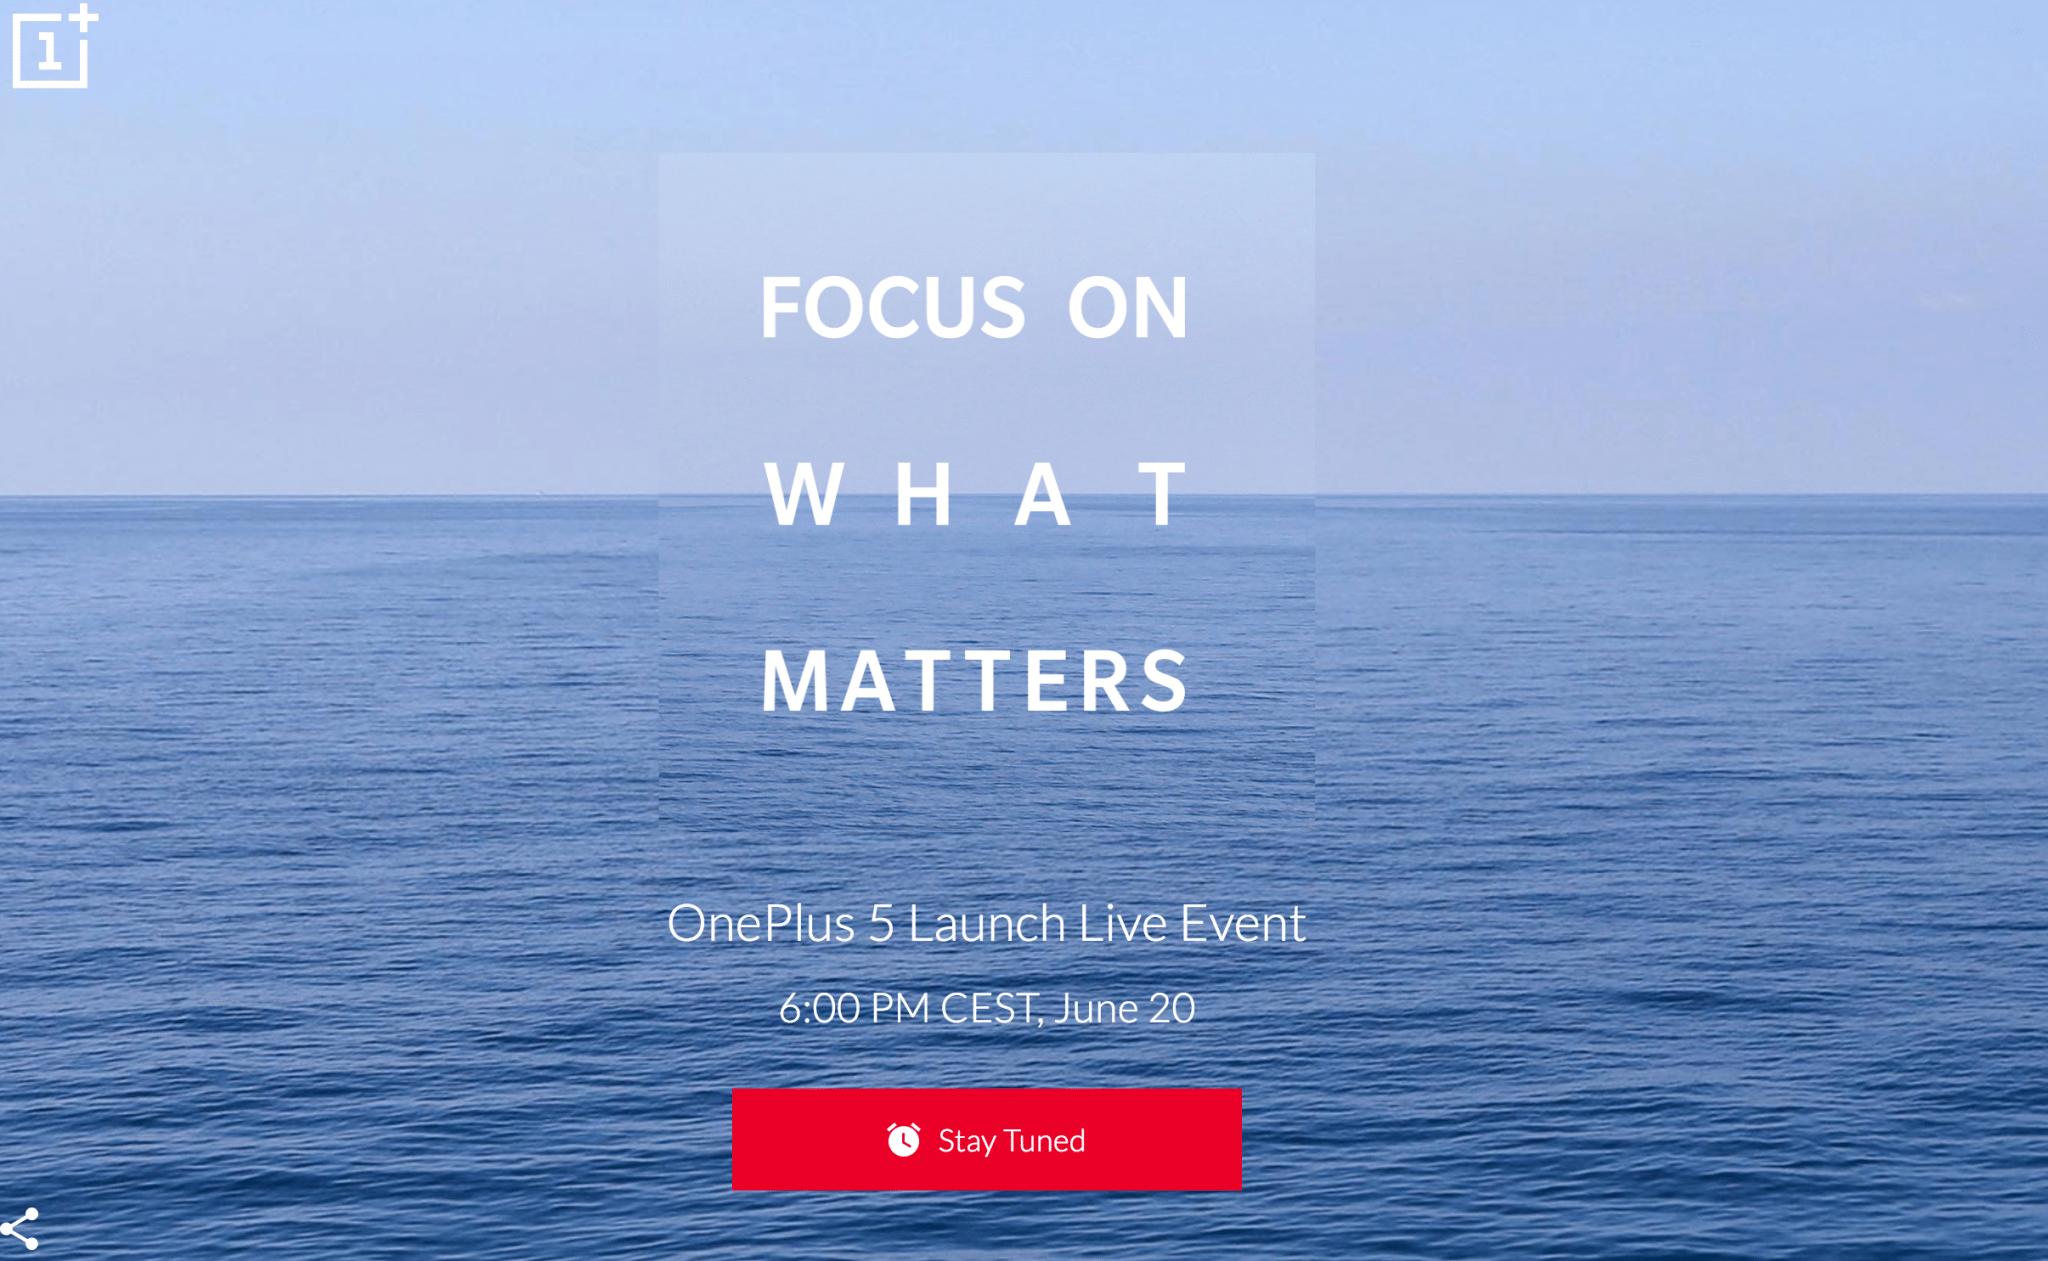 OnePlus-5-teasing
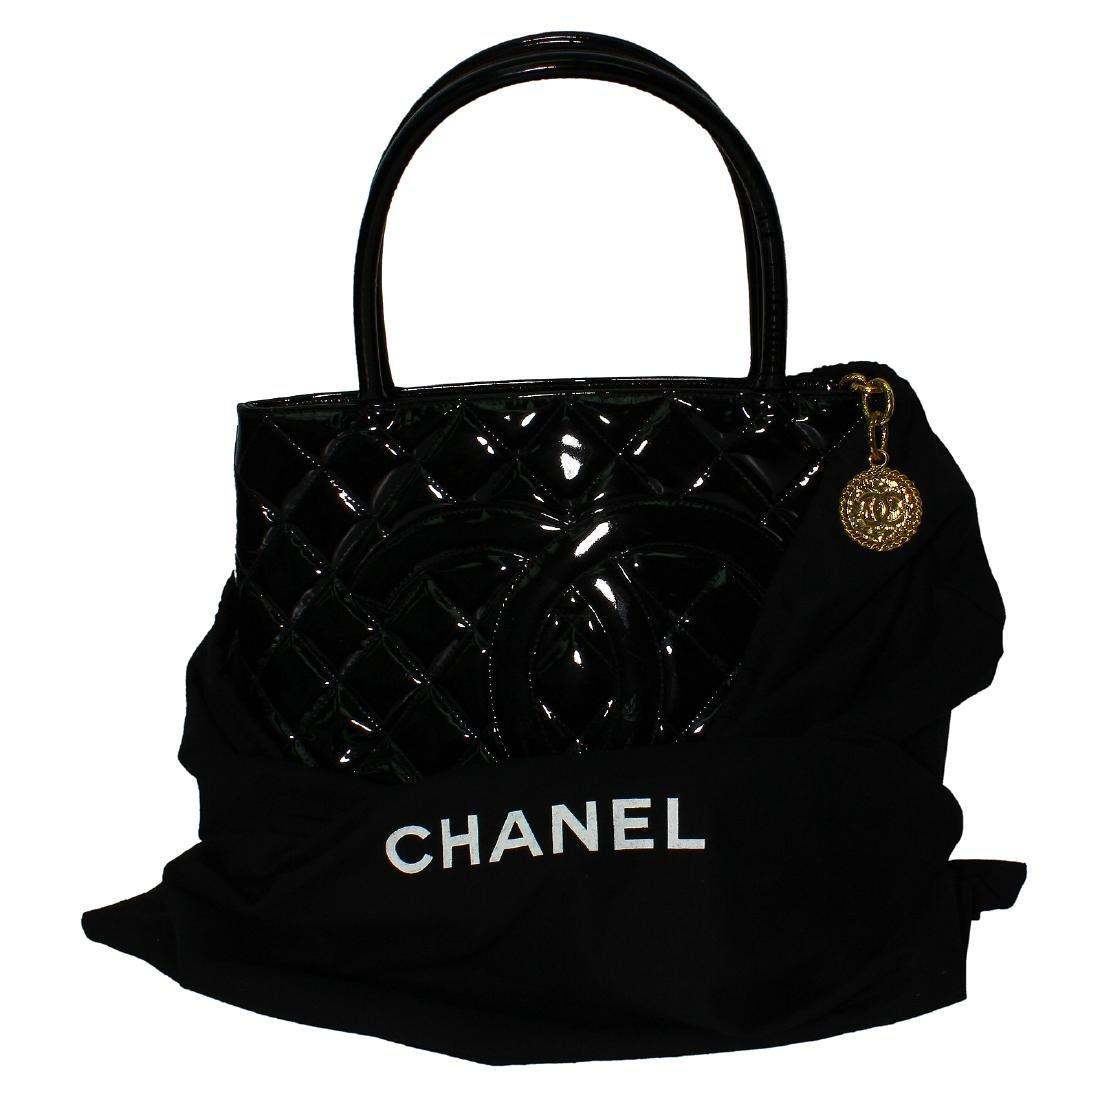 Chanel Quilted Black Patent Leather Shoulder Bag - 4
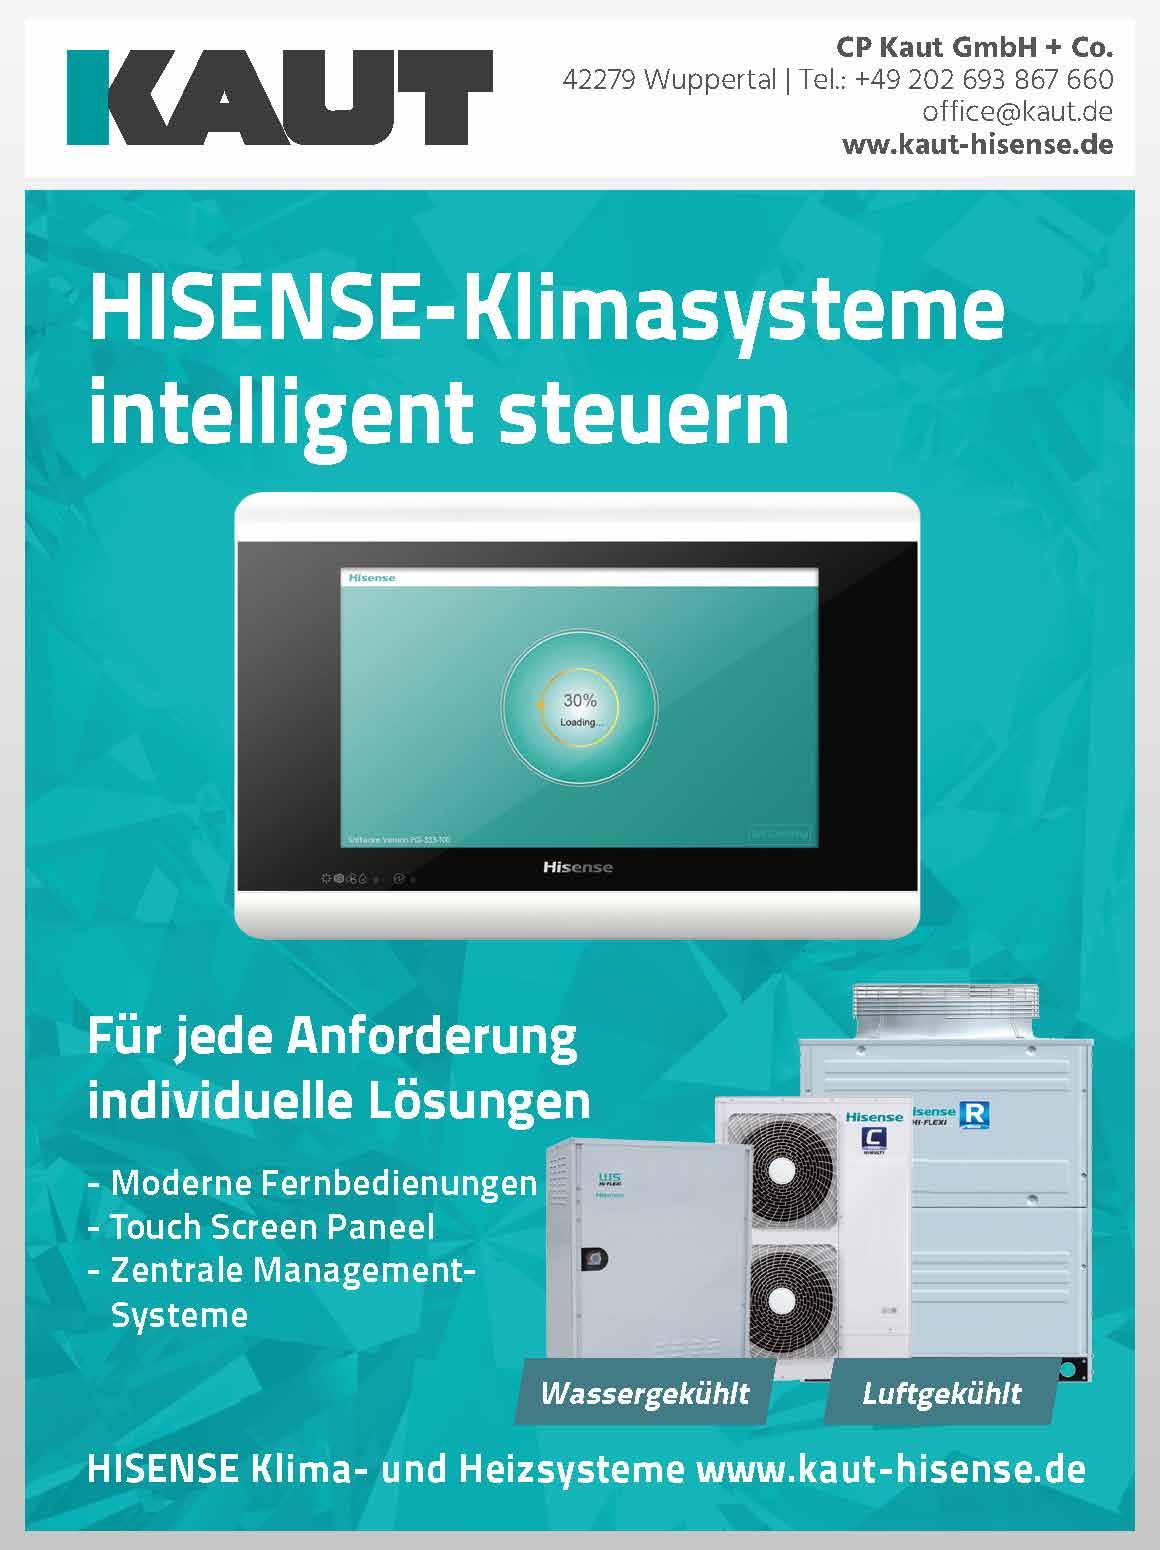 Hans Kaut GmbH + Co.
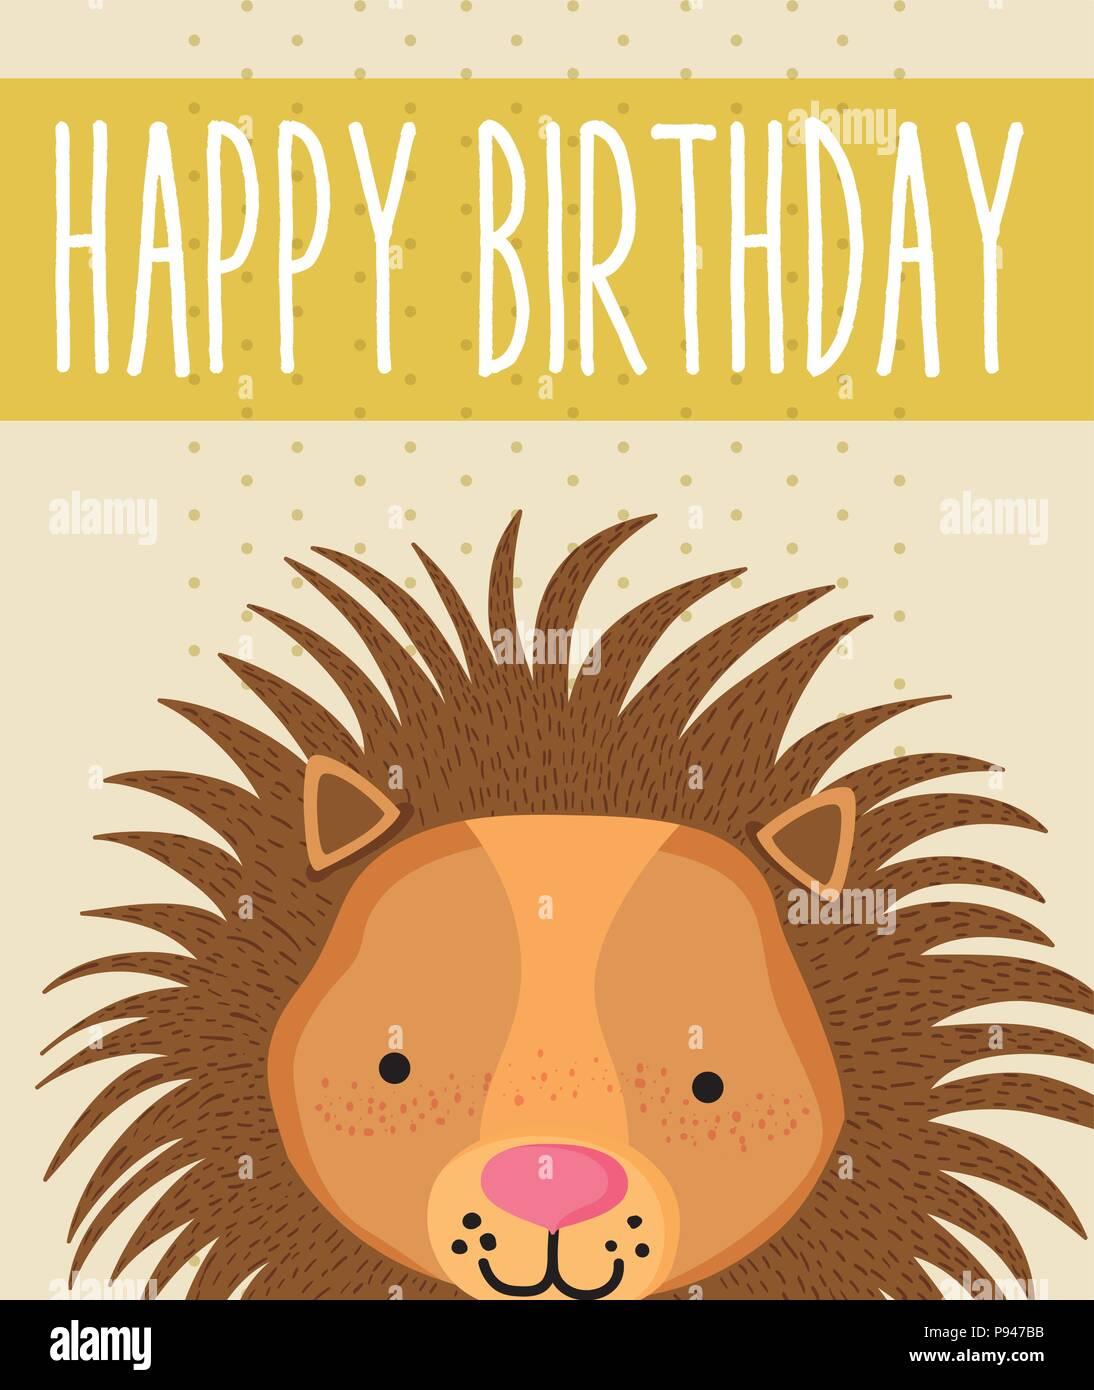 Lion Happy Birthday Card cute cartoon Vector Illustration graphic

=====

Exercise description: In your answer, give every line of the listing above exactly, and do not include the images.

Solution:
 OnePlus-5-teasing
 Chanel Quilted Black Patent Leather Shoulder Bag - 4
 Hans Kaut GmbH + Co.
 Lion Happy Birthday Card cute cartoon Vector Illustration graphic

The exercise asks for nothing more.